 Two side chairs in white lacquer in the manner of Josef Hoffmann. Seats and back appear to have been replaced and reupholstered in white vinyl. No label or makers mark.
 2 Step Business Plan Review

***

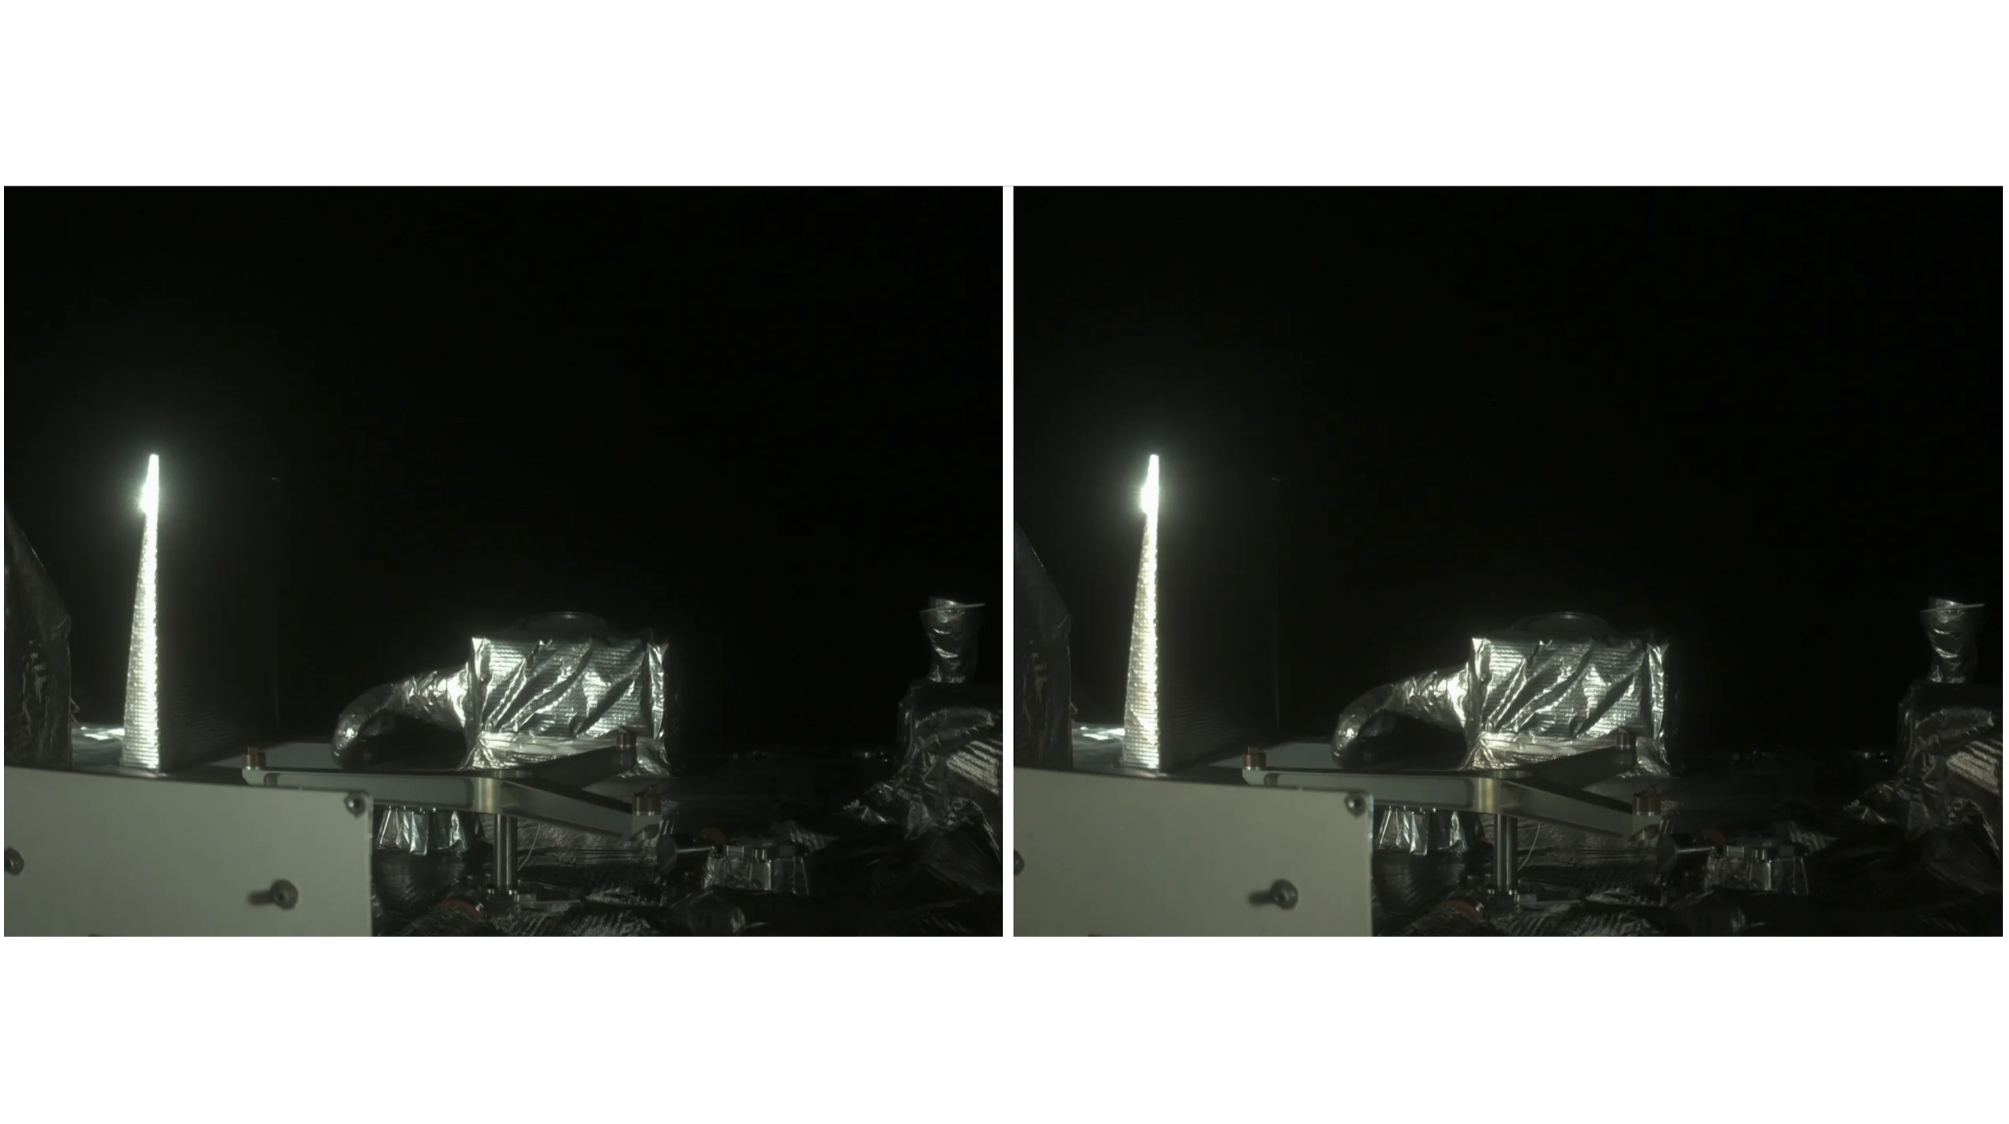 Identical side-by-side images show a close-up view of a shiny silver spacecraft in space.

***

» **Required action**: Using the data above, print exactly the lines from the line that contains "Two side chairs" through the line that contains "2 Step Business Plan Review", with both included.

» **Solution to this problem**:
 Two side chairs in white lacquer in the manner of Josef Hoffmann. Seats and back appear to have been replaced and reupholstered in white vinyl. No label or makers mark.
 2 Step Business Plan Review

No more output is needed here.